Rave: Baby Girl will be a month old tomorrow! I've kept her alive and healthy for 30 days and we're still successfully breastfeeding even though... Rant: I have mastitis. Worst pain ever, though to be fair I didn't have to experience labor either. Sunday morning I woke up with a fever of 101.4 and a very painful lump in my right boob. The best part is that I have to keep feeding her on that side or it will get worse, this also hurts like a bitch. I called my OB yesterday morning and she called in a prescription of antibiotics for me. I'm 3 doses in and I already feel better as far as the flu-like symptoms go, but my boob is still killing me. Hopefully it doesn't take too long for this to clear up. Rave: I never knew I could love such a little person so much. It's not always easy but I wouldn't trade it for the world. Rant: My leave is drawing to a close, I do not want to go back to work.
RAVE My brothers surgery was a success. The surgeon removed almost all of the 8cm tumor. Also, based on all observations the tumor was benign. I want to thank everyone for their thoughts and prayers, I believe they played a role in my brother's successful procedure.
Rant: I've finally had to bite the bullet. After three consecutive days of the upstairs* in this house only hitting 13*C (55*F), I had to turn on the furnace. This SUCKS. *Downstairs is typically 3*C cooler.
Rant Really having trouble figuring out if I want to be in a relationship with the new lady. There are moments when I really think I'm falling for her, and others where things just. . . don't feel right. Weird. Rave Fall in the desert is amazing. 70s (and sunny) during the days, 40s and 50s at night.

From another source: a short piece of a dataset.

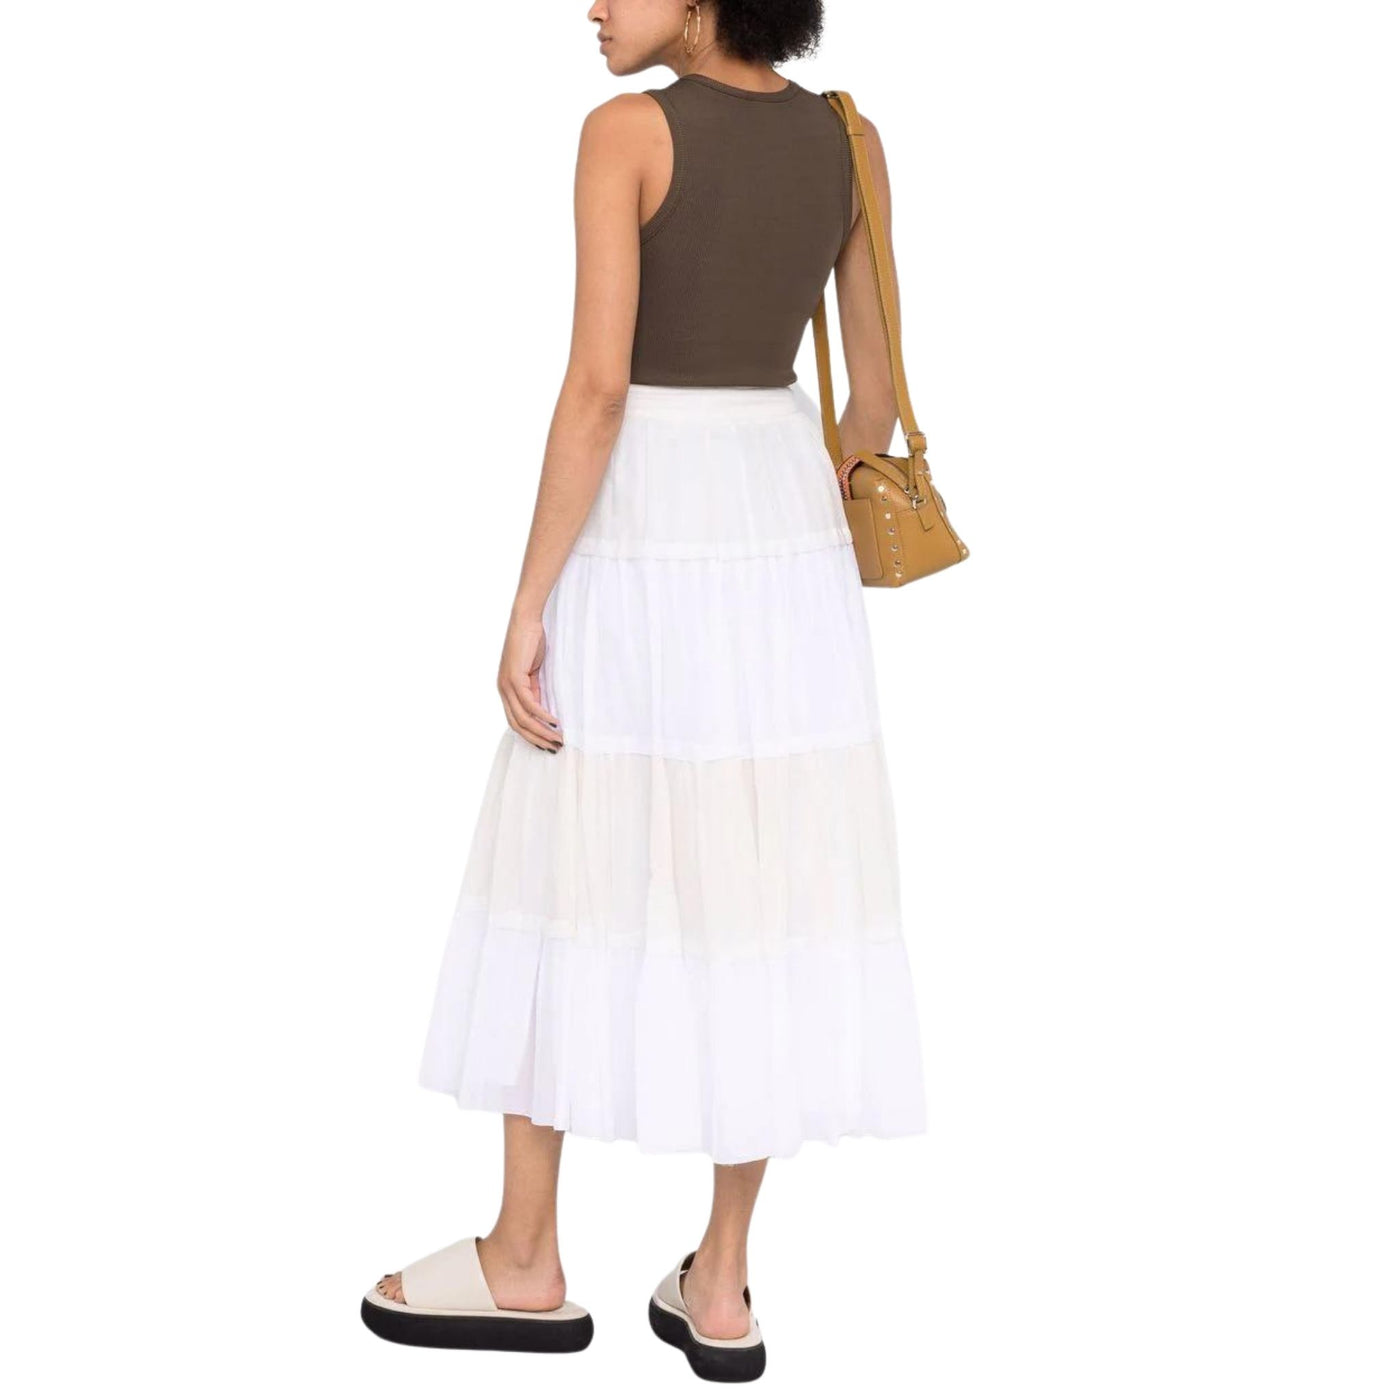 Women's skirt in high-waisted cotton with flounces
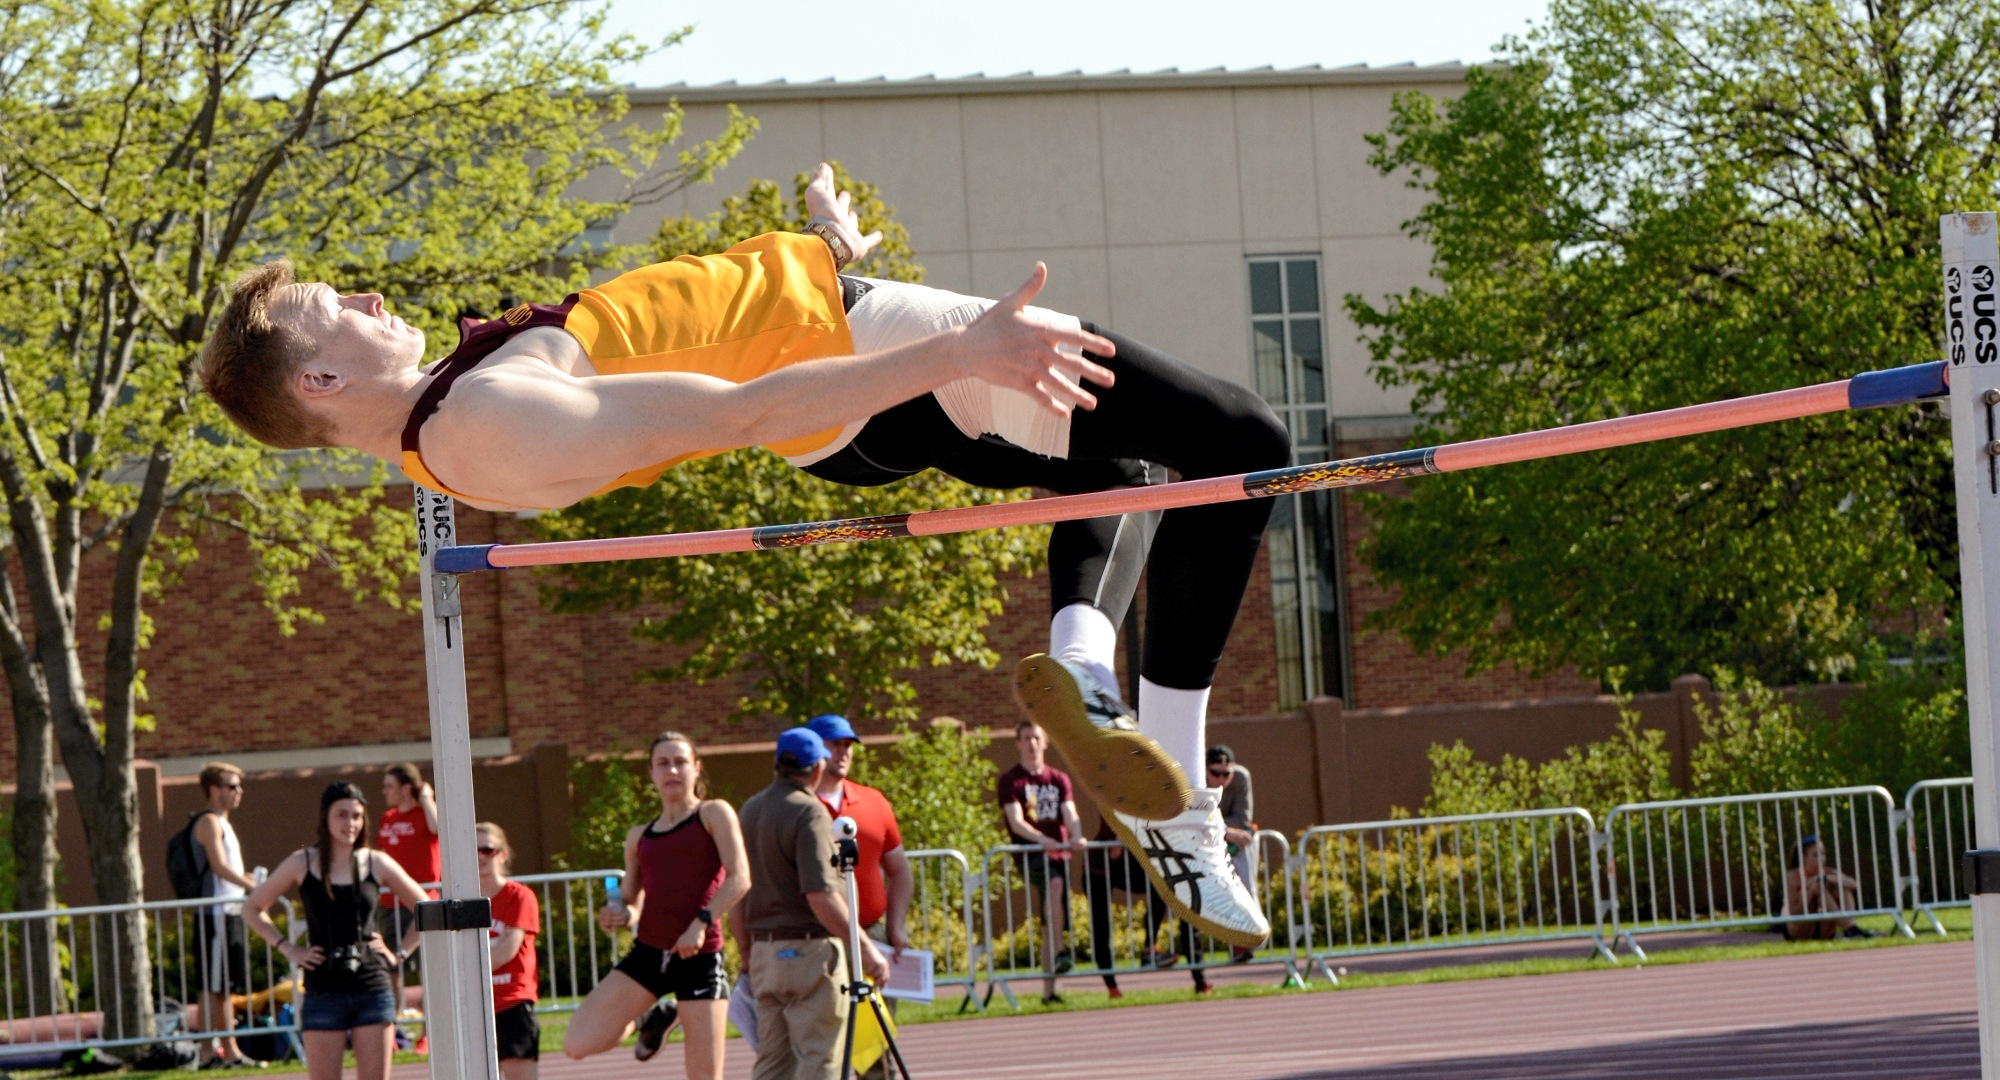 Jackson Schepp clears the bar on his way to winning the high jump on Day 1 at the MIAC Championship Meet. (Photo courtesy of Hamline Sports Info Dept.)

Rave: I went to a story slam tonight with the intention just to watch, not to participate. But, a few stories in, I was suddenly brave and threw my name in the hat. The event is drawing to a close and the host goes up to the mike, saying there's time for one more story and how excited she is because there are so many names left to chose from. Of course, the last name she picks is me. I am kind of terrified of public speaking, so I was really nervous, but I did think I had a great story so I went up there and, according to my friend I actually did really well and people were laughing a lot. It was exhilarating! TAKE THAT, FEAR. I was joking that it was my debut for my performing career, but I came home to an email from Mortified saying they got my submission and want to bring me in for review for their next show. So, who knows, maybe I'll be on that, too.
Rant: Back is still killing me, and I can't take any more pain meds because I have to spend the day at a student teaching conference. It isn't even that I'll be missing class time, I'll be missing some bullshit conference that I don't need and will barely pay attention too.
Odd Rave: I won a motherboard and processor at work - the processor is apparently a piece of shit, but it's still better than my current one so let's go with that.
Rave: I love shopping for sex toys. Rave-ish: There was a couple standing next to me at one of the racks. They were perusing the prostate massage toys. They had to be in their 70s. The woman kept asking the salesgirl, "Will this one give him a big... you know... load?" Ravest: I hope I'm still getting freaky when I'm 70.
In the post audit, clean up the lies process I have managed to find about ten additional massive fuckups that have been sitting around for about 5 years just waiting to cause problems. The Federal Government couldn't fuck things up this badly. Jesus.
Rave: Went to a bar last night and there was a traveling sideshow performing. It included your usual acts: sword swallowing, bed of nails, bathing in glass, contortionist, and fire breathing. RAVE!: It ended with me stapling a $20 bill to a clown's face.